Jord International
- Company type: Private
- Industry: Engineering, Oil & Gas, Power Generation, Sugar, Minerals
- Founded: 1972 (as Jord Engineers)
- Headquarters: St Leonards, New South Wales, Australia
- Area served: Worldwide
- Key people: CEO Greg Jones Executive Chair Angus Holden Executive Committee Jan Keussink Kevin Barber Matt Marinovich Andrew Eagleton Erin Collins Claire Jelbart
- Revenue: AUD 200,000,000 (2019)^{[citation needed]}
- Number of employees: 300+ (2019)^{[citation needed]}
- Website: www.jord.com.au

= Jord International =

Jord International is an Australian owned company that designs, manufactures, commissions, and services custom-engineered process equipment, modular skids, and turnkey plants for the oil & gas, chemical, power, food, industrial and mining sectors.

== History ==
===Creation===
In 1972, a group of Australian engineers, specializing in solid-liquid separation, air coolers, and furnaces, created Jord Engineers Pty Ltd. The group devised a proposal to design and build vessels for major energy companies working in Australia. Later in the 1970s, Jord developed its business within Australia, working on drum filters (1973), turnkey plants (1974), and air coolers (1976). In 1980, Jord received an order to design and build the world’s largest filter station.

===Expansion===
During the 1980s, Jord proceeded to establish partnerships with customers and suppliers. Jord started to work outside of Australia, with overseas projects in New Zealand, Malaysia, Singapore, Thailand, Indonesia and New Guinea, between 1986 and 1988. In 1988, an office was opened in Singapore to reinforce Jord’s position in South East Asia.

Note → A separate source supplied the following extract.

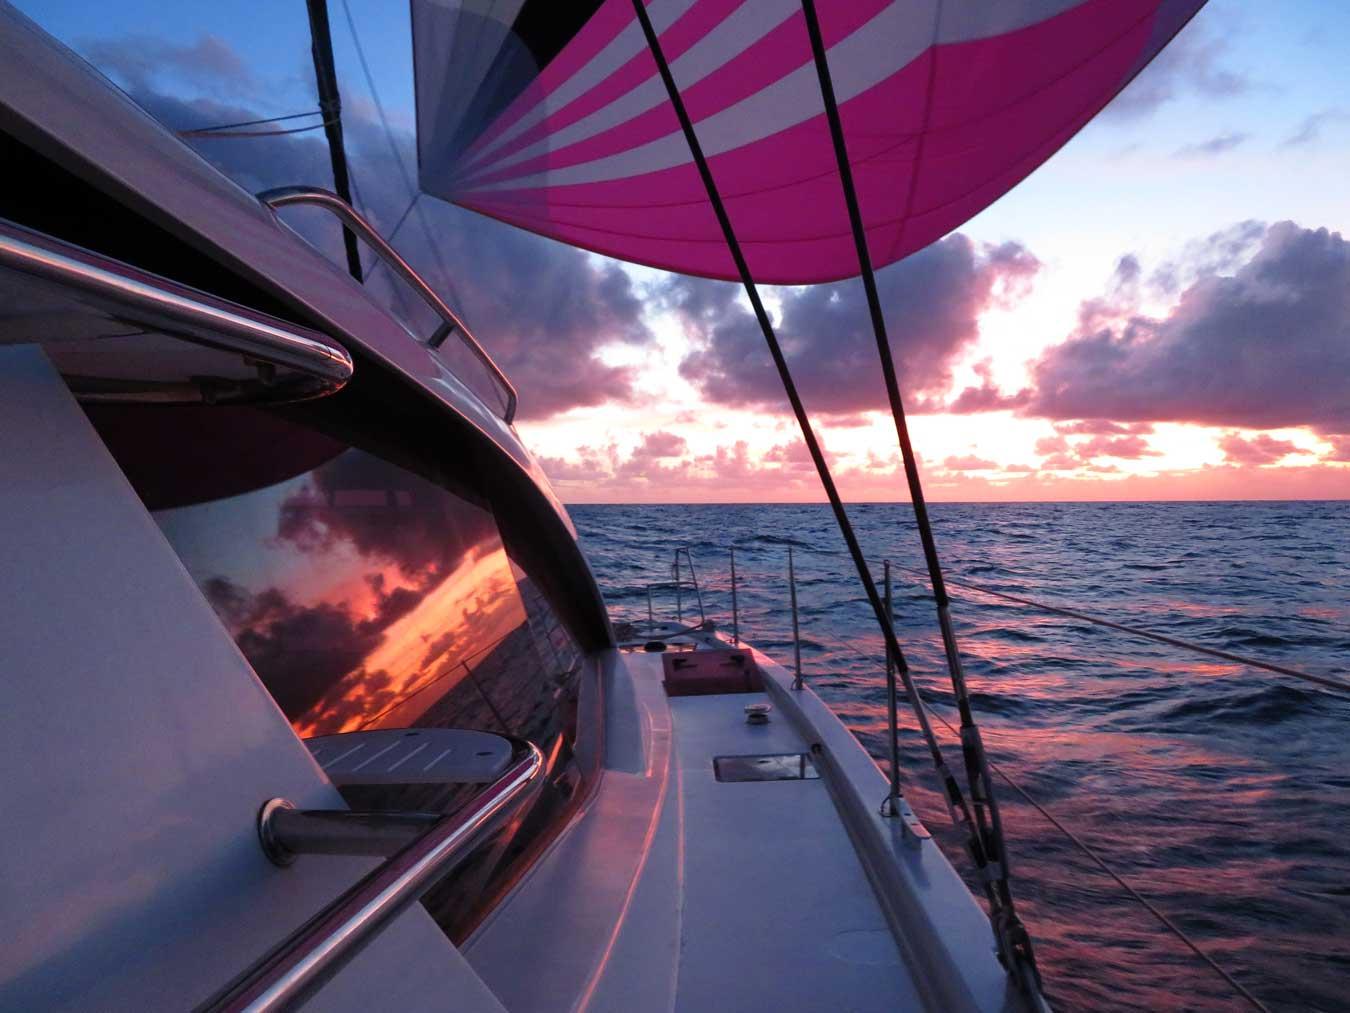 LANDSTAND! Atlantic Crossing II Summary

In the 1990s, Jord continued to expand throughout Asia, opening offices in China, Vietnam, and Korea. The company also secured its first contracts in the Middle East, with Oman in 1993 and Saudi Arabia in 1995. In 1994, Jord’s offices in Australia and Singapore were ISO 9001-certified by Bureau Veritas, As of 2012, Jord's offices have maintained their accreditation. Offices in China and India were opened in 2004 and 2006, respectively. Jord Malaysia was established in 2006 to manufacture air cooled heat exchangers for the Jord Group. During the same period, Jord developed its activities in South America (Argentina, Brazil, Bolivia), Europe (The Netherlands, United Kingdom (UK), France, Germany), the Middle East (UAE, Iran, Pakistan, Qatar). A new office was opened in Dubai in 2006 to service the Middle East markets. In 2010, a new office was established in India. Jord has several offices in Australia aside from the Sydney headquarters, namely in Newcastle and Perth. In 2012, Jord launched Jord Oil and Gas Systems B.V. a 50/50 JV based in Rotterdam to service larger scale oil & gas compression and EPC style projects. Jord opened offices in New Jersey, USA in 2017. Asia has been a region in which Jord has thrived with operations based in Qingdao (China), Singapore, Dubai and India.

===The Jord Environment Trust===
In 2007, Jord started a philanthropic foundation. The Jord Environment Trust, otherwise known as “JET” was created with a charter to donate funds to causes that foster a biologically diverse and sustainable planet. A percentage of group profit is contributed to the fund each year. Over $2m has been raised to date.